A template can jumpstart the design of some periodicals. This is a sample newsletter template from StockLayouts.

Periodicals are publications that come out on a regularly recurring schedule whether it's annual, monthly, weekly, or even daily. Newsletters, newspapers, and magazines are periodicals. They provide a great opportunity for repeat business but can be time and effort-intensive.

Newsletters can be simple one page letters produced from your desktop printer or elaborate 4-color publications that rival the magazines found on the newsstand. Newsletters (and to a lesser extent magazines and newspapers) are prime candidates for self-publishing too.

Magazines and newspapers are less commonly produced by freelance desktop publishers, most work being handled in-house. However, as a freelancer you could obtain contract work for special sections of larger publications. Smaller publications or those with other than daily publishing schedules may be more willing to work with freelancers for more of the design and production work. Some publications may farm out specific tasks such as digital photo processing or the creation of custom illustrations and graphics.

Designing Newsletters, Magazines, and Newspapers

Content for periodicals is usually supplied by the client (unless you are writing and publishing your own publication). The designer is responsible for arranging the content and creating an attractive, readable newsletter or other periodical. Additionally, the designer must develop a format that provides a consistent look and feel while also allowing for flexibility to adapt to changing content with each issue. Creating the template and style sheets for a newsletter or magazine adds to the time required to create the first issue but greatly speeds up production of subsequent issues. Some designers may find a niche in designing a flexible but easy-to-use template for newsletter publishers that wish to do the page layout and publishing themselves but need help with the initial design.

Magazines and newsletters share certain characteristics but there are often differences in their content, audience, and design attributes. What is the Difference Between a Newsletter and a Magazine? can help you better understand the differences and similarities.

These 12 parts of a Newsletter also apply to magazines and even newspapers.

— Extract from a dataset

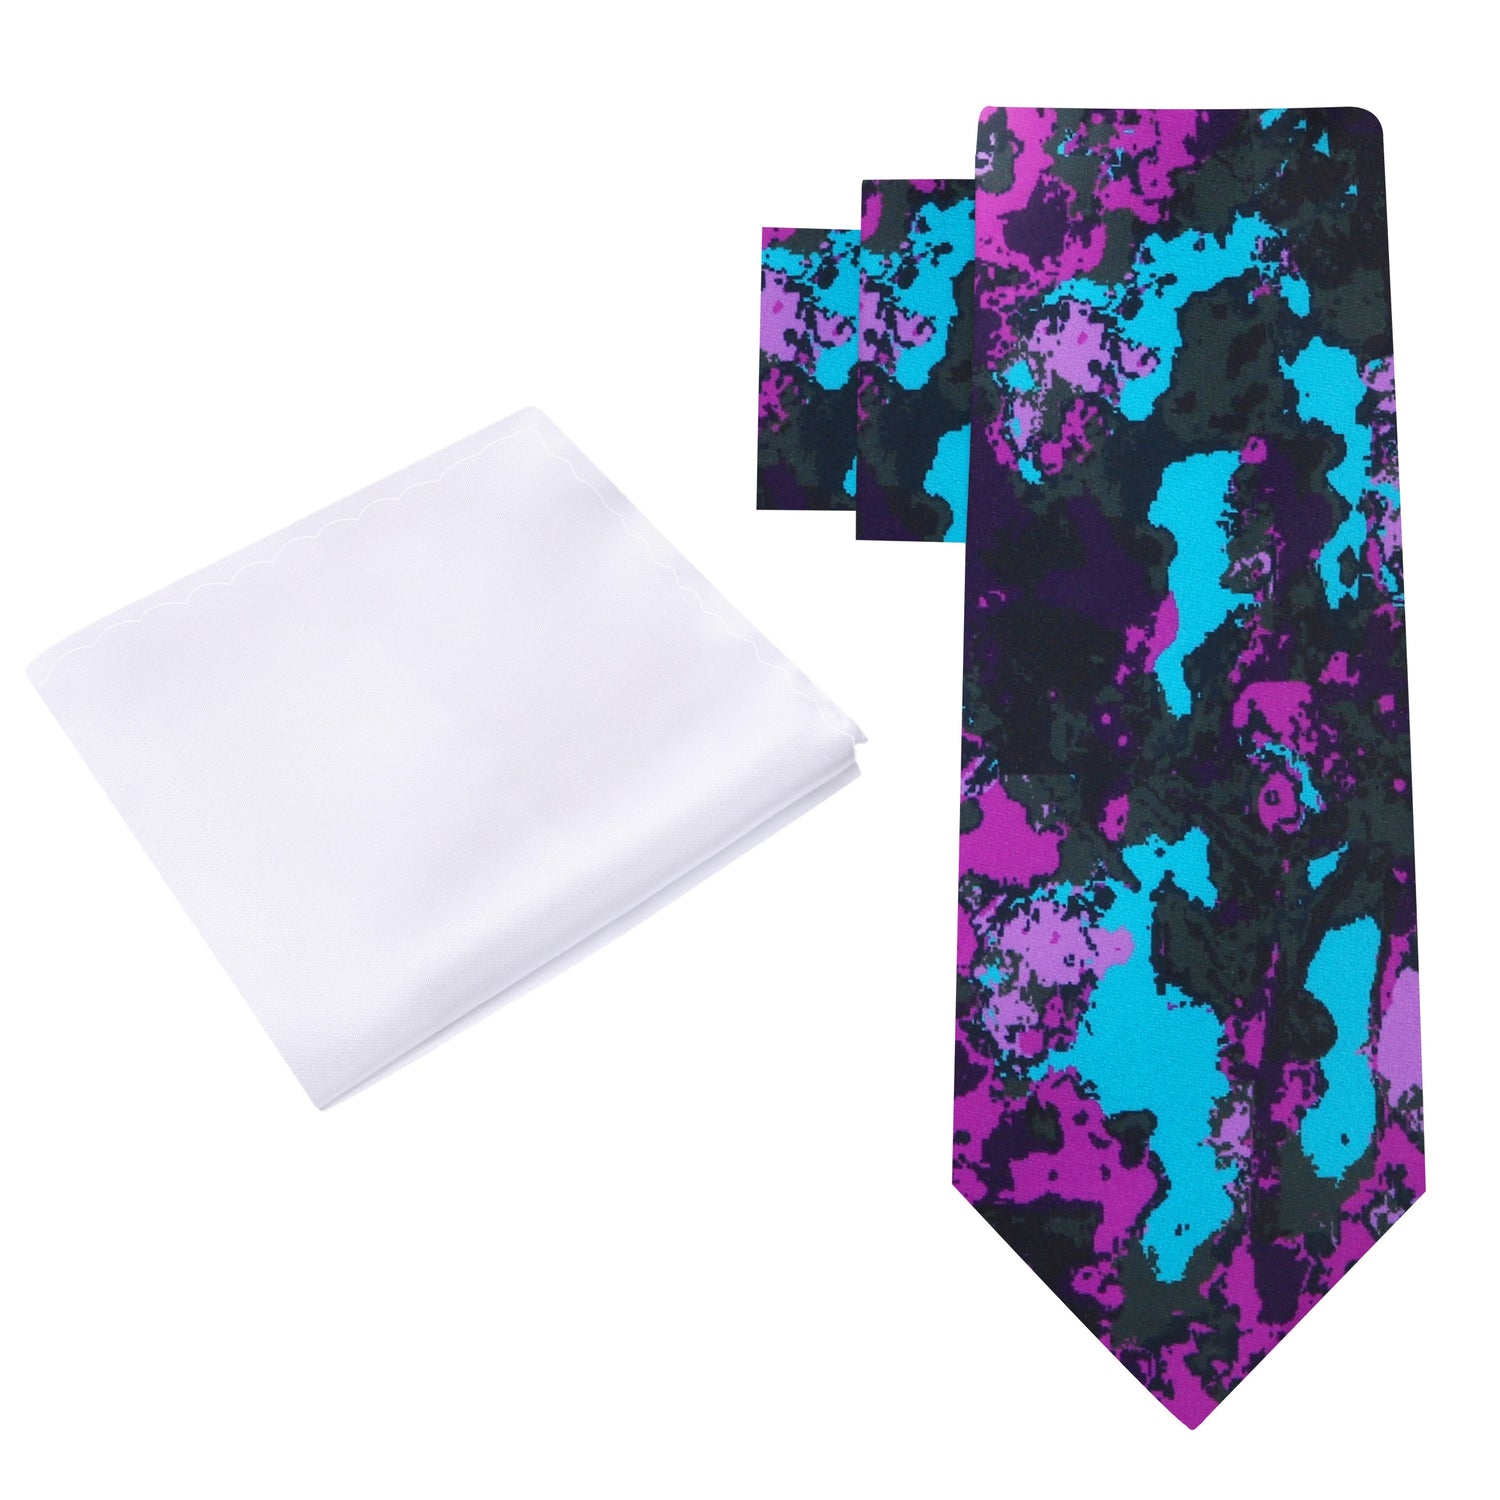 Alt View: Light Blue, Purple Ink Blot Necktie and White Pocket Square

There may be exceptions but most periodicals are text-intensive publications. Learning proper text composition techniques is essential.

  • Newsletter Design and Publishing delves into the planning, content, and design of all kinds of newsletters.

  • There are a lot of similarities with newsletters but some of these articles on Magazines address magazine-specific issues.

  • Newspapers share some characteristics with newsletters and magazines with a strong focus on newswriting.

Printing Newsletters, Magazines, and Newspapers

The paper is what often immediately differentiates newsletters and magazines from newspapers. Book and bond papers are common for newsletters and magazines although some may use newsprint which is typically used for newspapers and comic books. Catalog paper is another option for some periodicals.

Many newsletters and small magazines have been printed from desktop printers or distributed as photocopies. For commercial printing, offset lithography is most common, especially for glossy magazines with full color photographs . Digital printing (such as Xerox Docutech printing) provides a high volume output that is comparable in quality to laser printing. Newspapers are typically printed on continuous rolls of newsprint on a web press.

Software for Newsletters, Magazines, and Newspapers

The consumer desktop publishing programs aimed at creative printing projects may offer a few basic templates for small newsletters, but the best option (aside from specialized software used by some large publishers or agencies) for designing periodicals is the high-end professional desktop publishing software that can handle complex text composition and long documents. There are also specialty programs for newsletters that are aimed at businesses, schools, and individuals that want to create a simple newsletters such as a marketing newsletter or a holiday newsletter.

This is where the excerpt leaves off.